I come here because I have an issue with multiprocessing in my python script. my code is :

def filter_list_of_list_values(myList,myFilterList):
    for index in range(len(myList)):
        print(index)
        sub_array = myList[index]
        for stopword in myFilterList :
            sub_array = list(filter(lambda a: a != stopword, sub_array))
        sub_array = [w for w in sub_array if not w in myFilterList]
        myList[index] = sub_array
    return myList  

import multiprocessing
import numpy as np
#We are going to execute a multiprocessing and split the list in as many parts than processors used :
N_PROCS = 6
#Lists splitting : 
L_sub_lists  = np.array_split(tokenized_text, N_PROCS)


final_List = []
start_time = time.time()


print('Creating pool with %d processes\n' % N_PROCS)
with multiprocessing.Pool(N_PROCS) as pool:
    #We initialize a list of tasks which each call the same function, but
    #with a diffrent list
    TASKS = [(sub_list, english_stopwords) for sub_list in L_sub_lists]
    print("TASK OK")

    results = [pool.apply_async(filter_list_of_list_values, t) for t in TASKS]
    print("results OK")
    
    final_results = [r.get() for r in results]
    print("final_results OK")

    for sub_list_res in final_results:
        print("appending")
        final_List+= sub_list_res
        print("list_append")
    
print("--- %s seconds ---" % (time.time() - start_time))
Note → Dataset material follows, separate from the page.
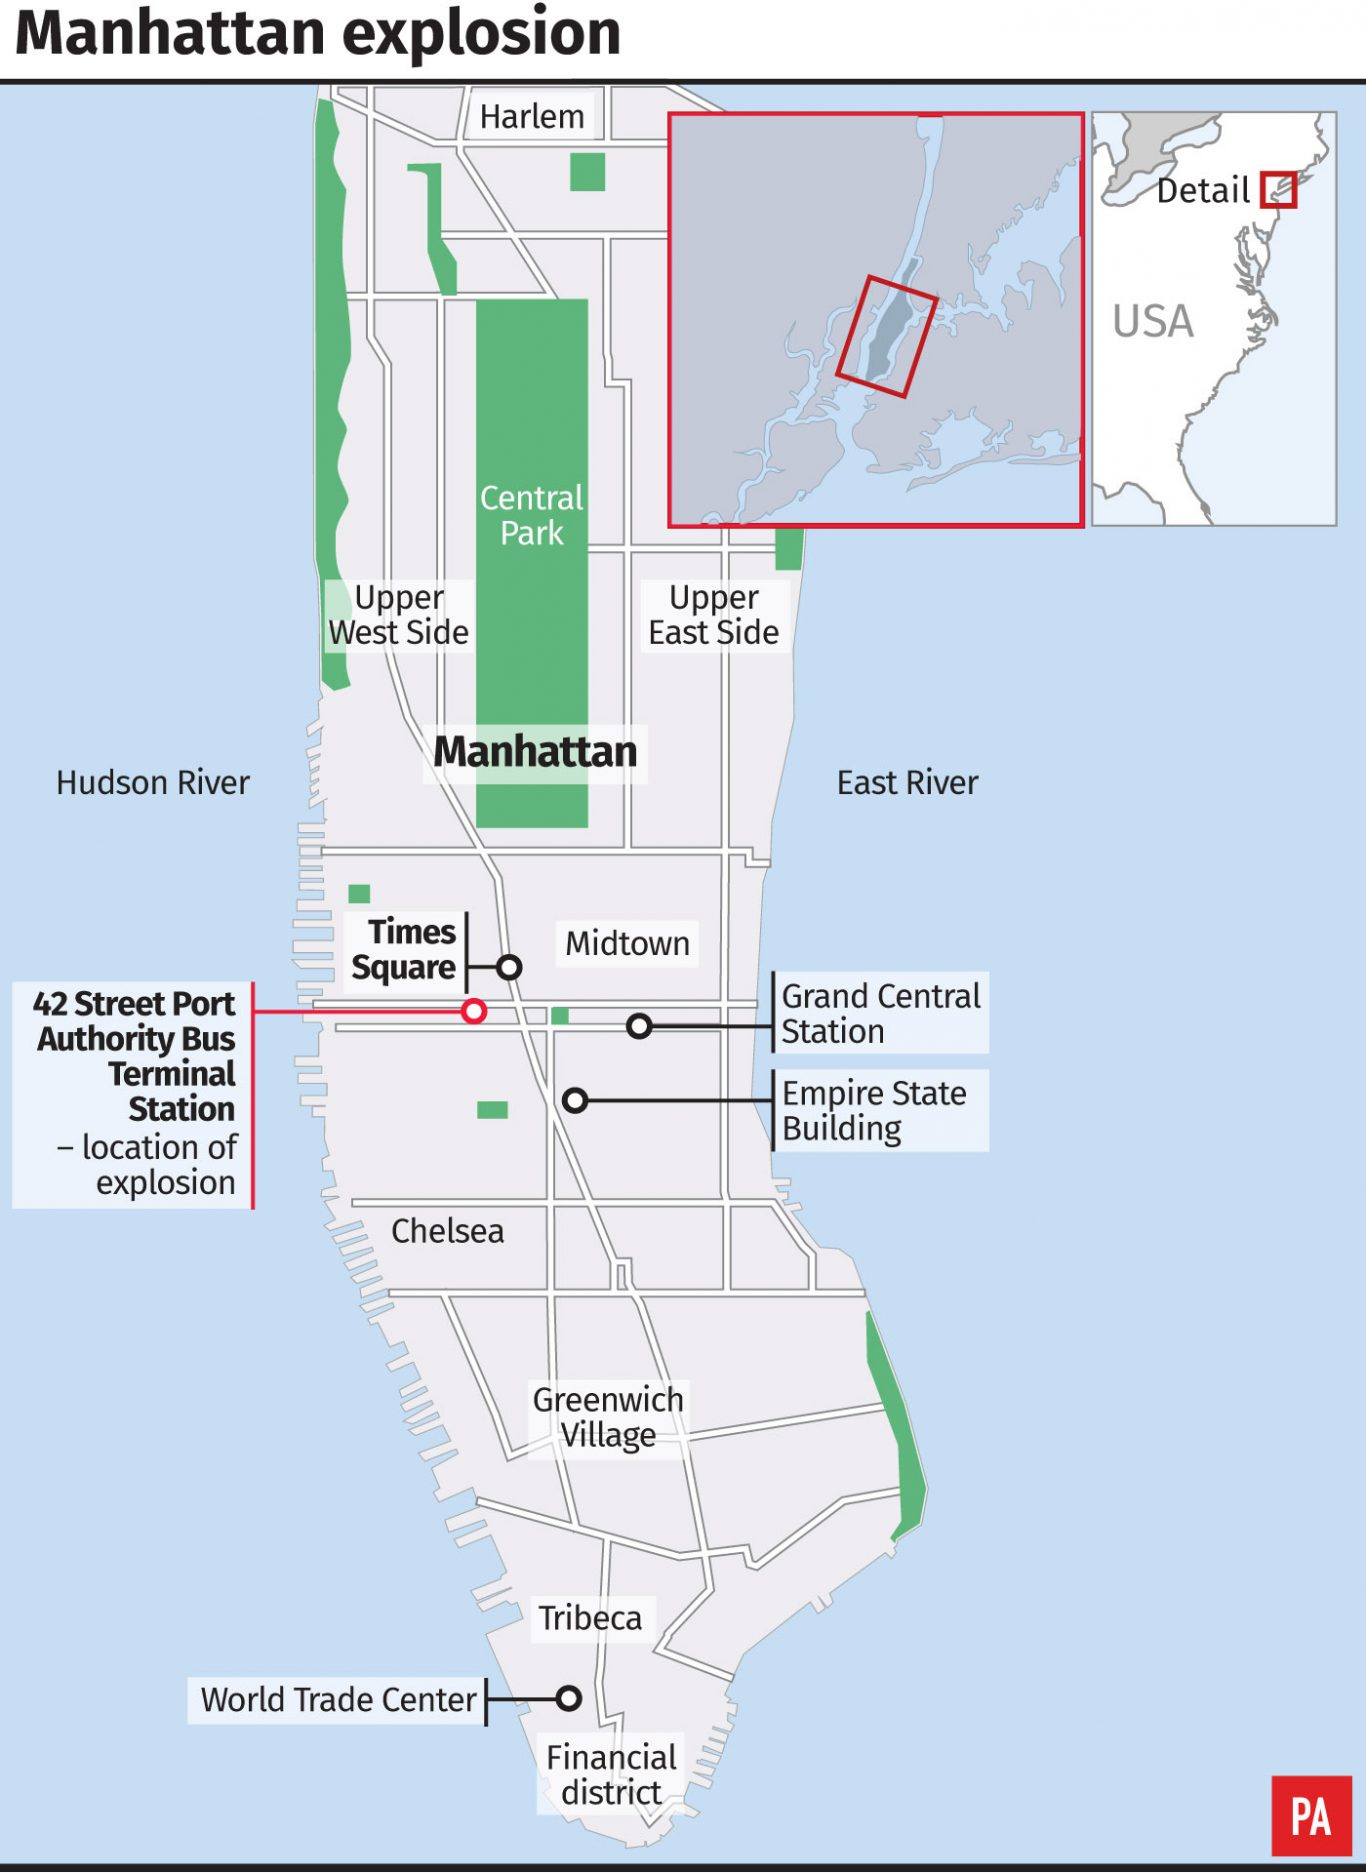 Manhattan explosion location

The script is stucked at :

final_results = [r.get() for r in results]

I really don't understand why because I used the same script (with some small differences) with an other context (different function and applied to a DataFrame rather than a list of lists) and everything worked very well

An example :

L = [['Paris', 'Monaco', 'Washington', 'Lyon', 'Venise', 'Marseille'],
 ['New-York', 'NapleWashington', 'Turin', 'Chicago', 'Las Vegas'],
 ['Lyon', 'Rome', 'Chicago', 'Venise', 'Naple', 'Turin']]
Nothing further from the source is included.